С другой стороны, случай Нечаева можно использовать отвлеченно, воспринимая его как препарат для метафизического анатомирования революции. Но если оборвать жизненные связи нечаевского дела с духовной средой, в которой оно возникло, то мы и получим «монстра», о котором говорил Михайловский, и суть, которая из него извлекается, будет поистине чудовищной. Нечаев совершил революцию в революции, и тот, кто не учитывает, каким образом революция реагировала на того, кто ее революционизировал, рискует упустить самый смысл нечаевского случая как конкретного события и как сюрреволюционной парадигмы. Материалы, документально подтверждающие наличие этого узла значений, многочисленны и разнообразны по характеру. Их круг не может ограничиваться центральной и традиционной проблемой взаимоотношений Нечаева и Бакунина. Даже недавно опубликованные архивные документы8 не прольют свет на эти взаимоотношения, если не погрузиться в более широкий и богатый контекст фактов и проблем. В этом случае пересечется множество лучей, исходящих из источников различной природы: от политико-философской полемики до романическо-фантастического вымысла, от писем до дневников, от программных статей до литературных рецензий. Тогда самые авторы этих документов откроются в динамичном ракурсе со всеми присущими им противоречиями и изменениями и из средств для осмысления нечаевского дела превращаются в сгустки опыта, которые могут быть осмыслены в свете этого беспрецедентного дела. Только так Нечаеву, имени индивидуальному для целого клубка анонимных сил в стадии становления, можно будет вернуть те истинно присущие ему черты, восприятие которых неоднократно менялось как у его современников, так и в наше время.

В марте или апреле 1869 г. Сергей Нечаев, тогда 22-летний, прибыл в Женеву и установил личные контакты с Бакуниным и Огаревым. Он начал включаться в широкую политическую деятельность, в которой руководящая роль принадлежала Бакунину и в которую был втянут также Огарев, несмотря на неодобрение со стороны своего друга Герцена. Свои первые шаги на этом поприще Нечаев совершил за год до этого, в 1868 г., в студенческих кружках Петербурга, где был вольнослушателем местного университета. В российскую столицу он попал из провинции, занявшись учебой после тяжелых мытарств обездоленного простолюдина; в 19 лет, выдержав учительский экзамен, начал преподавать в народной школе в Петербурге.

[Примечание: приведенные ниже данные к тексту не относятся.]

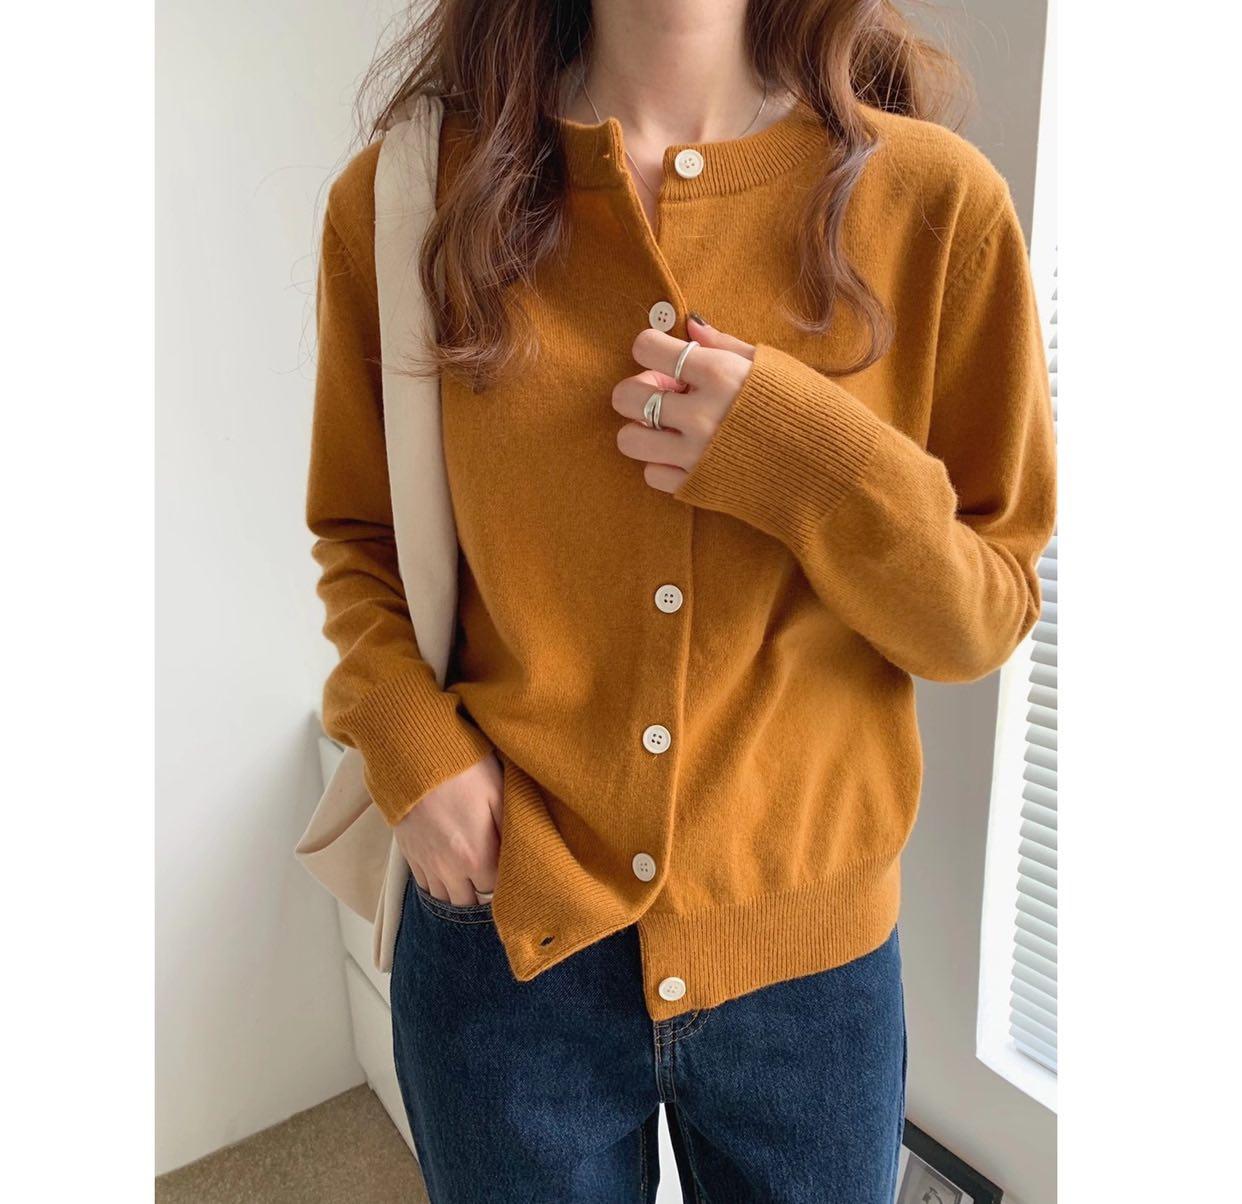 T2020秋季新韩版气质圆领排扣长袖宽松百搭羊毛针织开衫上衣女xh
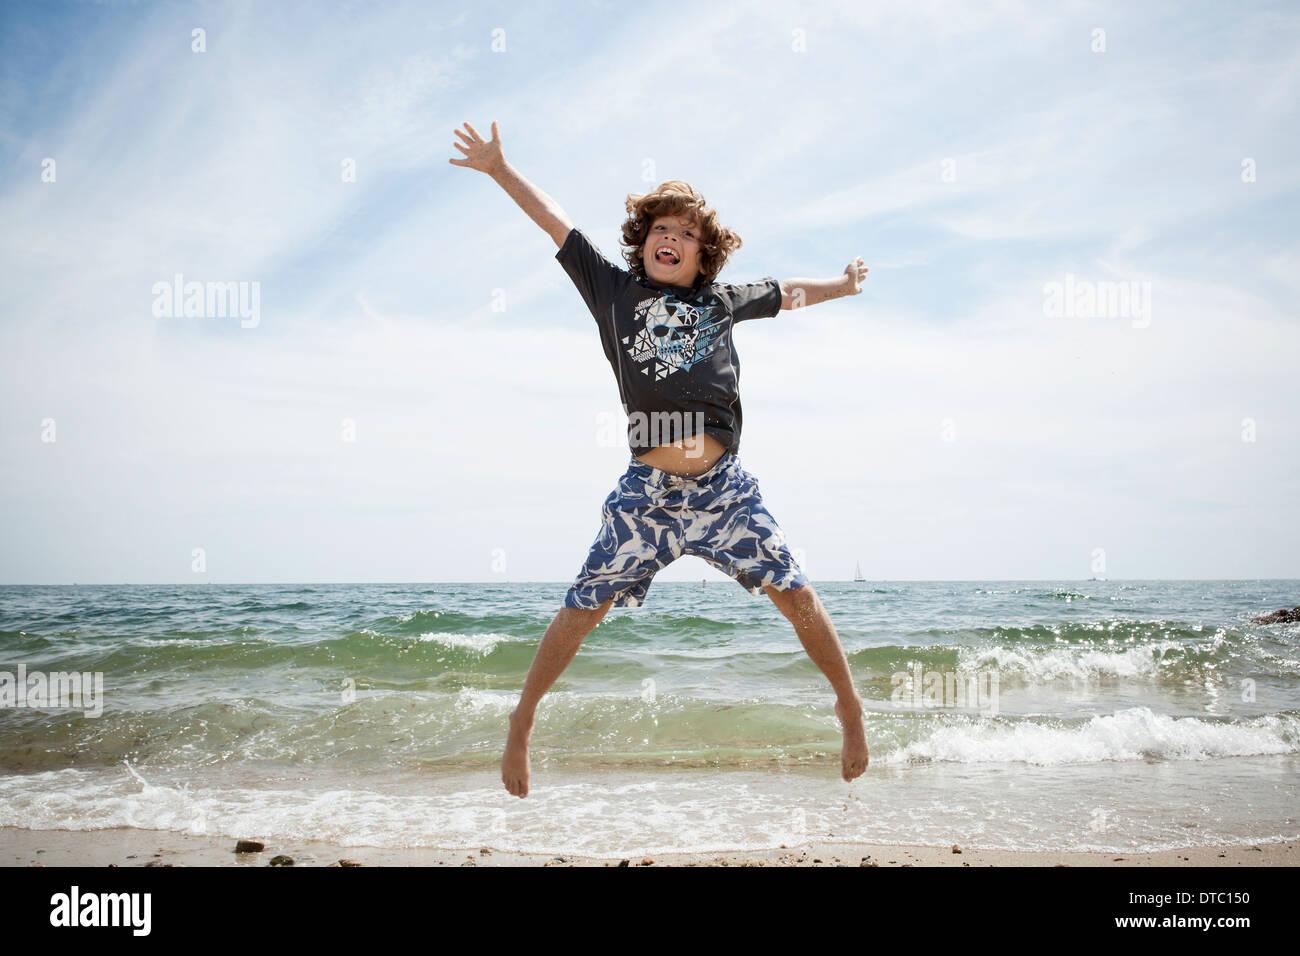 Retrato informal de Salto Chico en la playa en Falmouth, Massachusetts, EE.UU. Imagen De Stock

Недостаток культуры и прежде всего того общего духа, который культура формирует даже в своих образованных ниспровергателях, компенсировался или усугублялся, однако, другими качествами, и в первую очередь гигантской энергией и дьявольской волей, поставленными целиком на службу революционному Абсолюту, что признавали за ним с восхищением или ужасом все современники.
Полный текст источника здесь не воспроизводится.